Although beta blockers are usually given to patients following a heart attack, a new study indicates that the drugs do not help them live any longer than those not on the medications.
Beta blockers work to lower the activity of the heart as well as lower blood pressure. They are required after a heart attack when the event is accompanied by heart failure, where the heart is permanently damaged. However, many heart attacks do not involve this failure, yet many of those patients are still prescribed blockers.

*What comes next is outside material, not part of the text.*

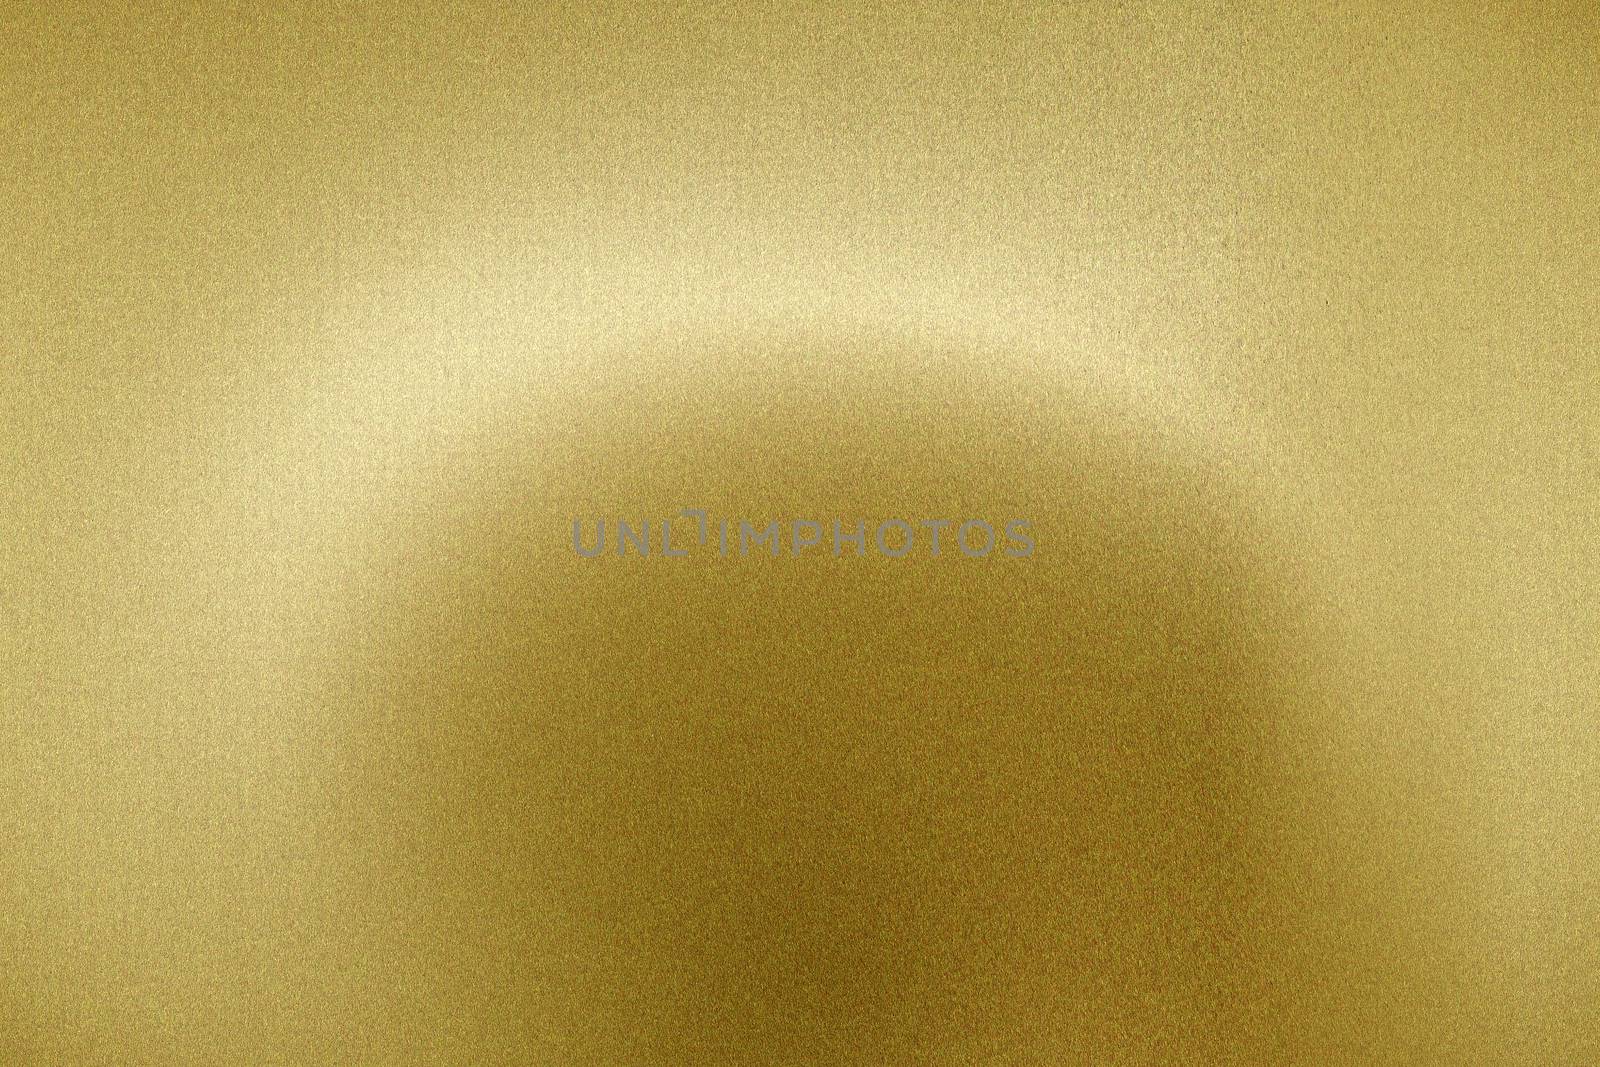 Light shining on brushed gold metal panel, abstract texture background by mouu007

Researchers focused on data regarding 179,000 patients who suffered a heart attack without heart failure. After a year following the heart attack, there was no difference in the death rates between those prescribed a beta blocker and those who were not, the researchers reported in the Journal of the American College of Cardiology.
Beta blockers are associated with a host of side effects, including more serious ones such as shortness of breath, dizziness, trouble sleeping and depression. Commonly prescribed drugs in this class include Lopressor and Toprol XL (metoprolol) Coreg (carvedilol) and Brevibloc (esmolol).
The study questions whether beta blockers should be prescribed at all to those who have had a heart attack but did not suffer heart failure.
“This study suggests that there may be no mortality advantage associated with the prescription of beta-blockers for patients with heart attack and no heart failure,” Chris Gale, MD, a cardiologist at the University of Leeds (UK), who worked on the study, said in a statement. “A necessary next step is the investigation of beta-blockers in this population in a randomized controlled trial.”